[MATERIALS PROVIDED Boundary: Start]
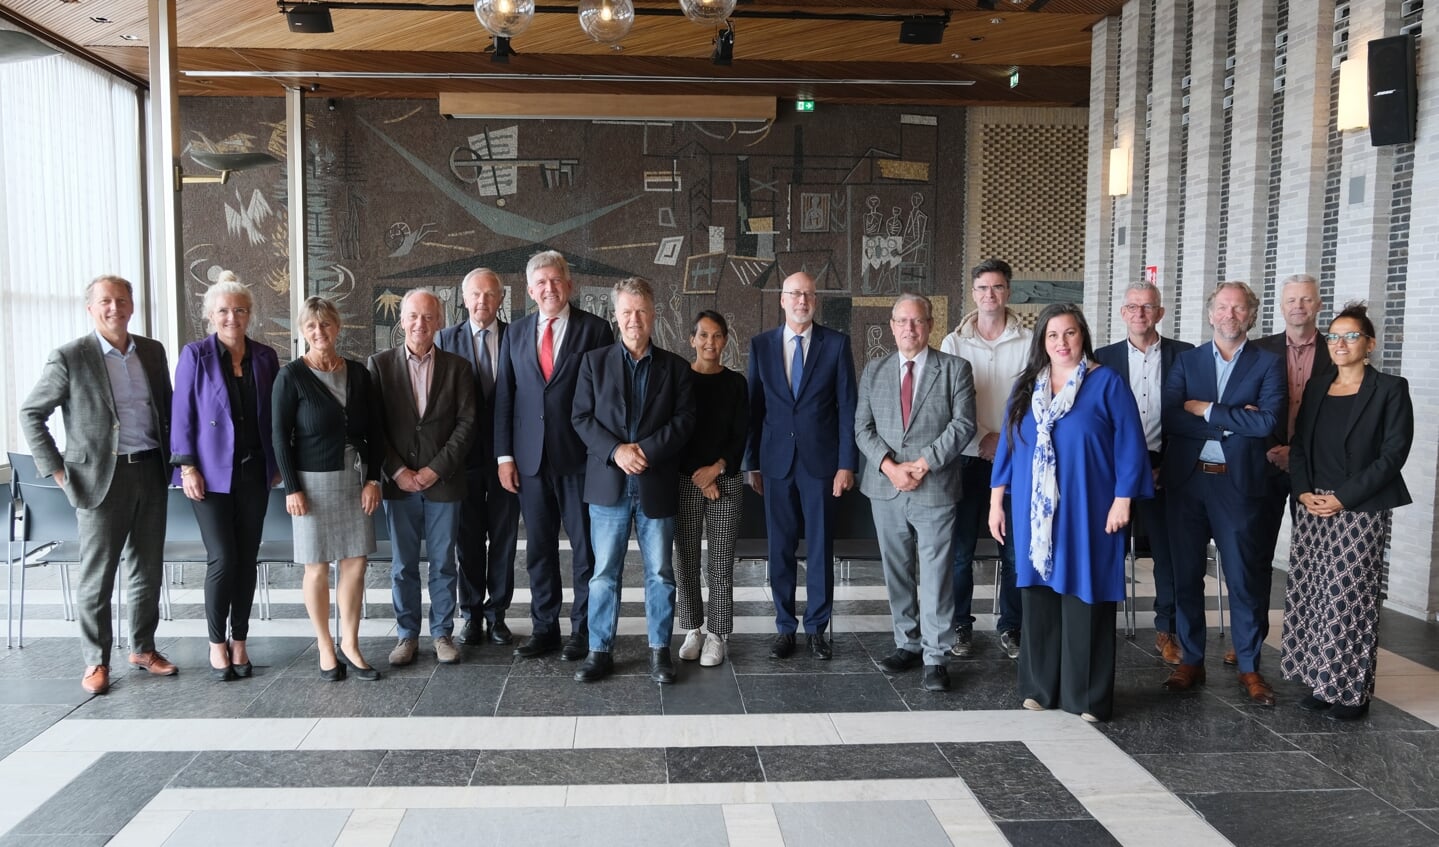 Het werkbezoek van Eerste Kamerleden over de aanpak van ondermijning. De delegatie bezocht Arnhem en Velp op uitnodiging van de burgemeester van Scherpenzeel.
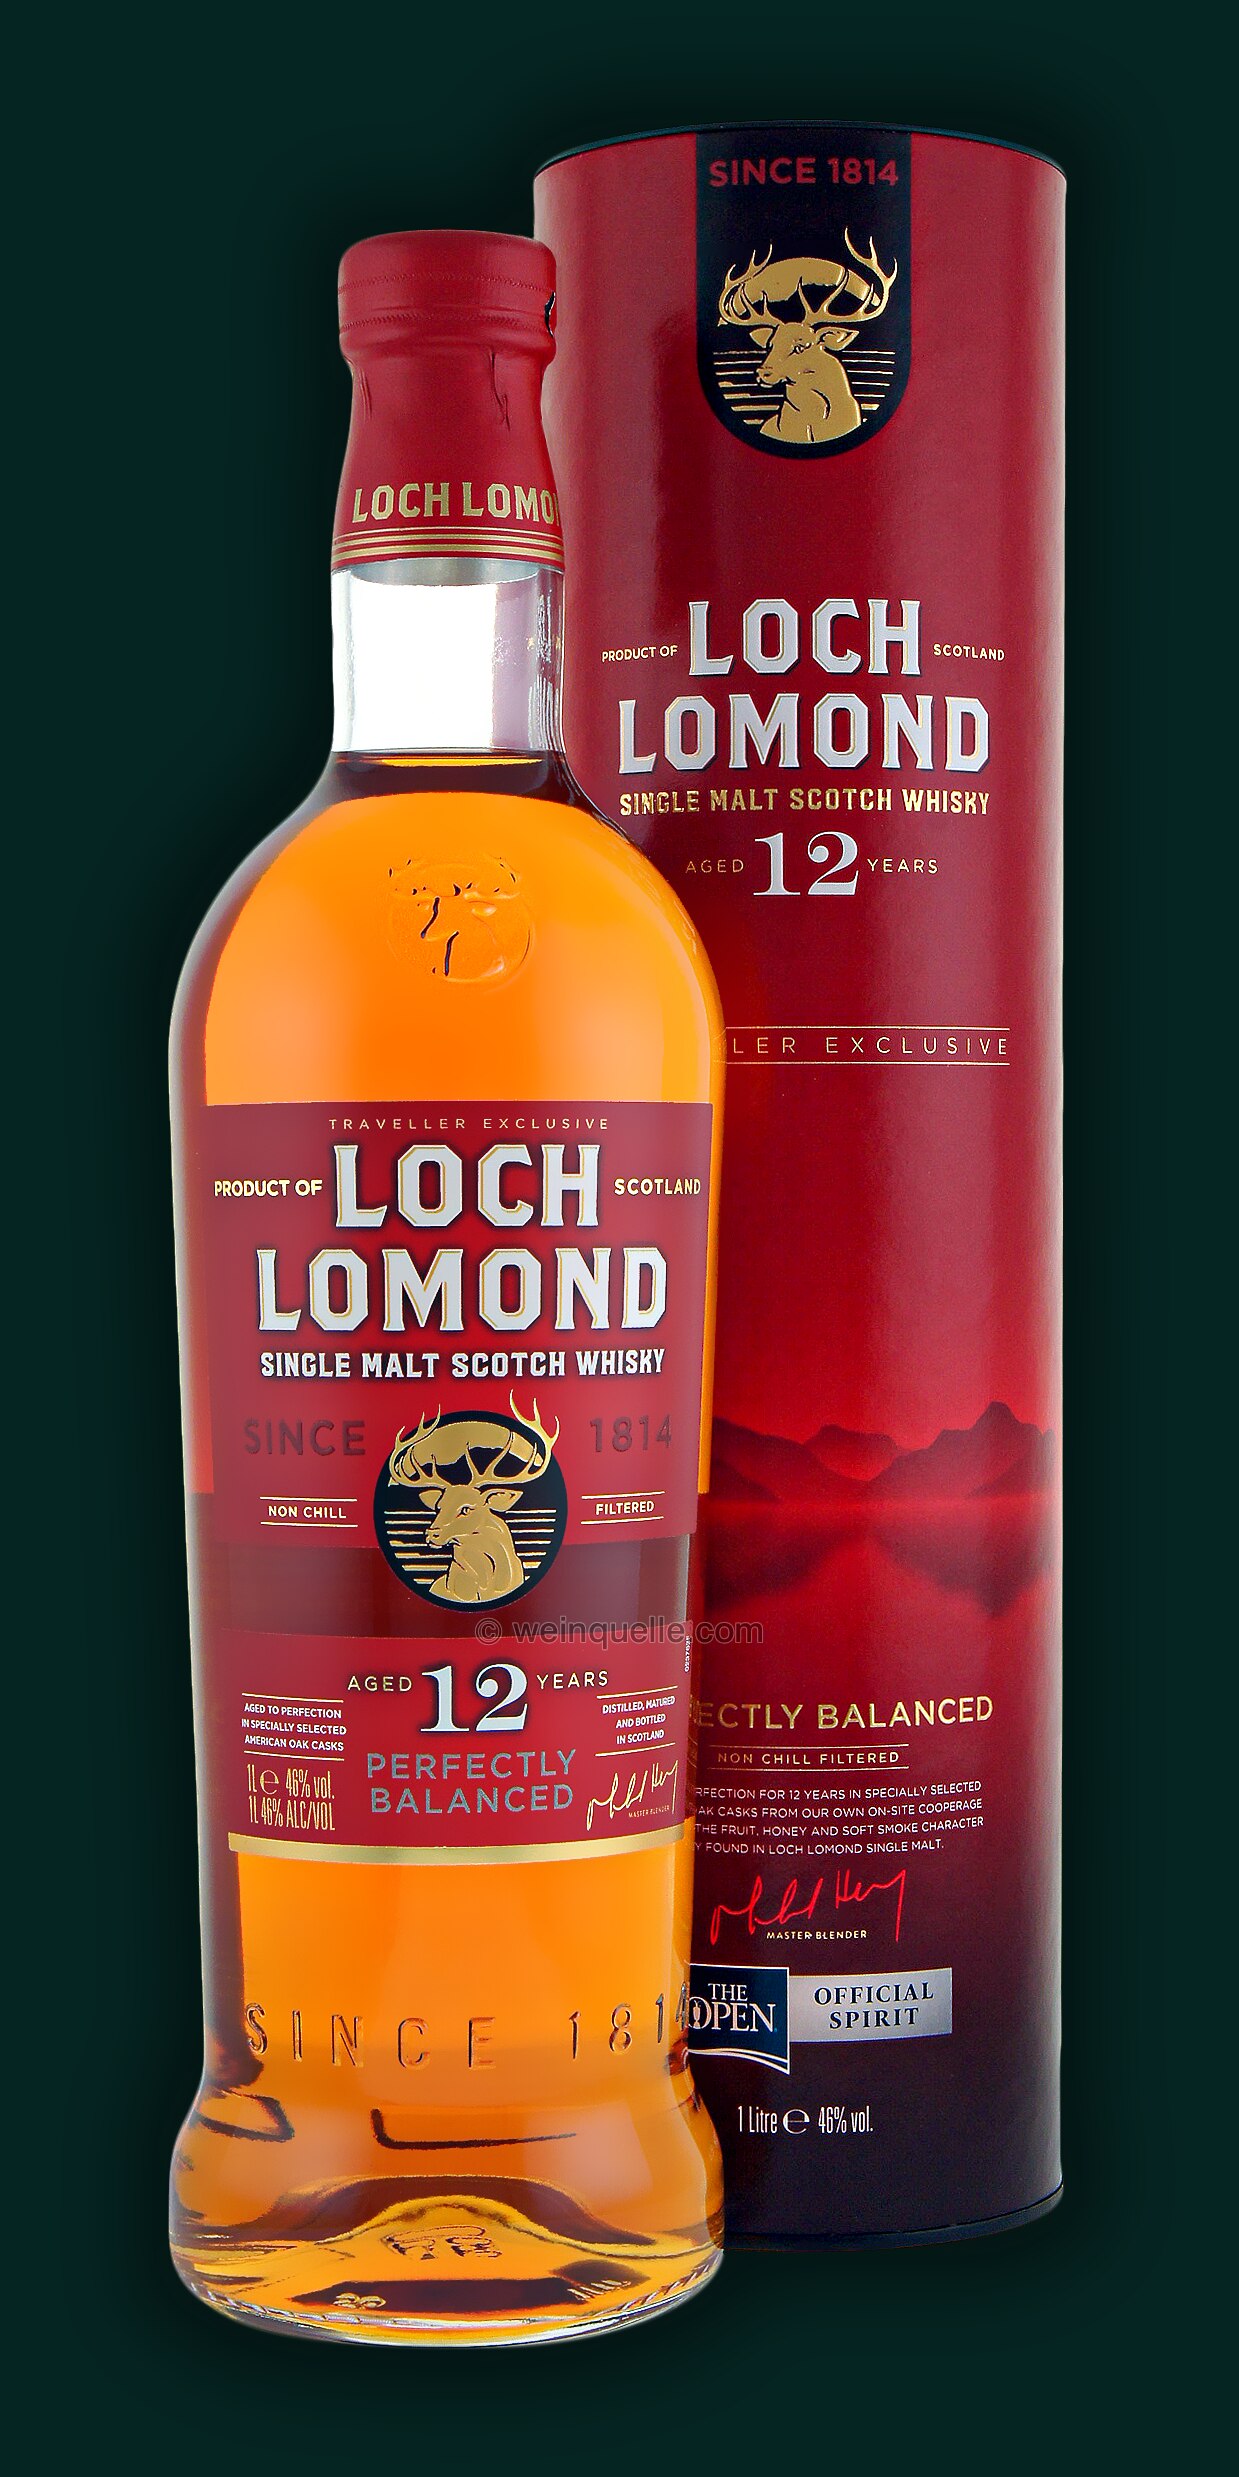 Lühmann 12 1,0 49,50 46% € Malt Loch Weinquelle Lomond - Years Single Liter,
[MATERIALS PROVIDED Boundary: End]
[MATERIALS PROVIDED Boundary: Start]
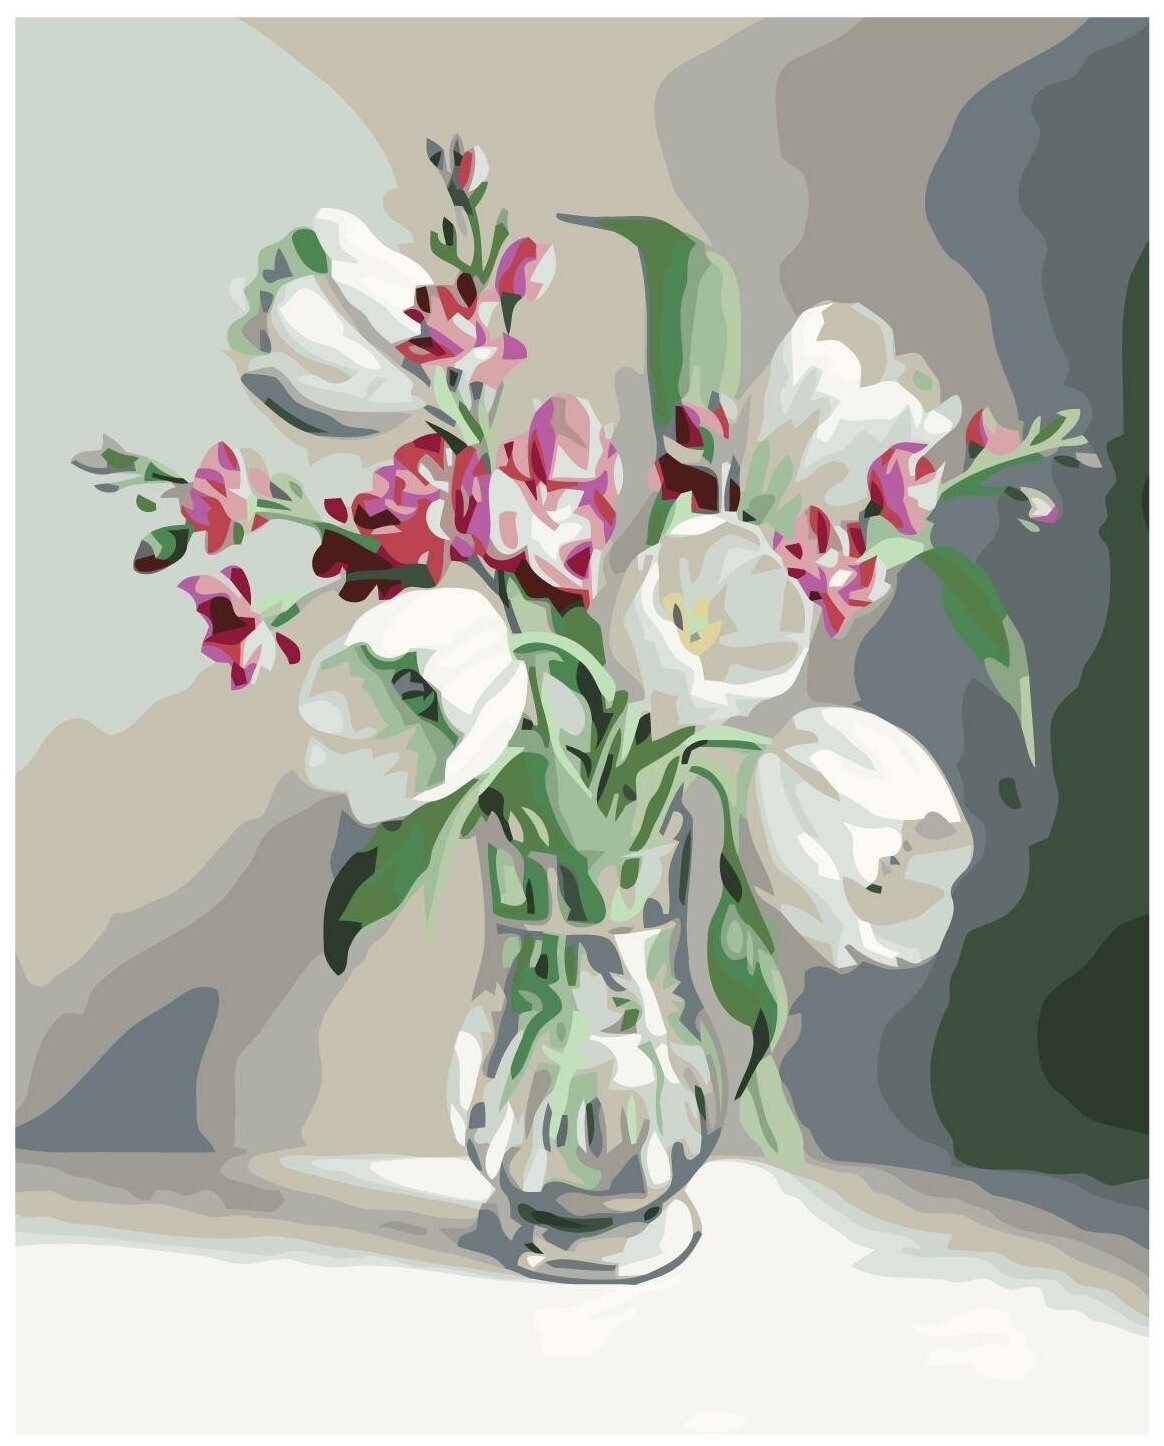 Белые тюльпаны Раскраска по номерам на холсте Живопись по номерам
[MATERIALS PROVIDED Boundary: End]
**TASK REQUIREMENTS:** Using the data above, give again exactly the lines starting at the one holding "Het werkbezoek van" and ending at the one holding "Lühmann 12 1,0", inclusive, and nothing more. Omit the pictures.

**WRITTEN SOLUTION:**
 Het werkbezoek van Eerste Kamerleden over de aanpak van ondermijning. De delegatie bezocht Arnhem en Velp op uitnodiging van de burgemeester van Scherpenzeel.
 Lühmann 12 1,0 49,50 46% € Malt Loch Weinquelle Lomond - Years Single Liter,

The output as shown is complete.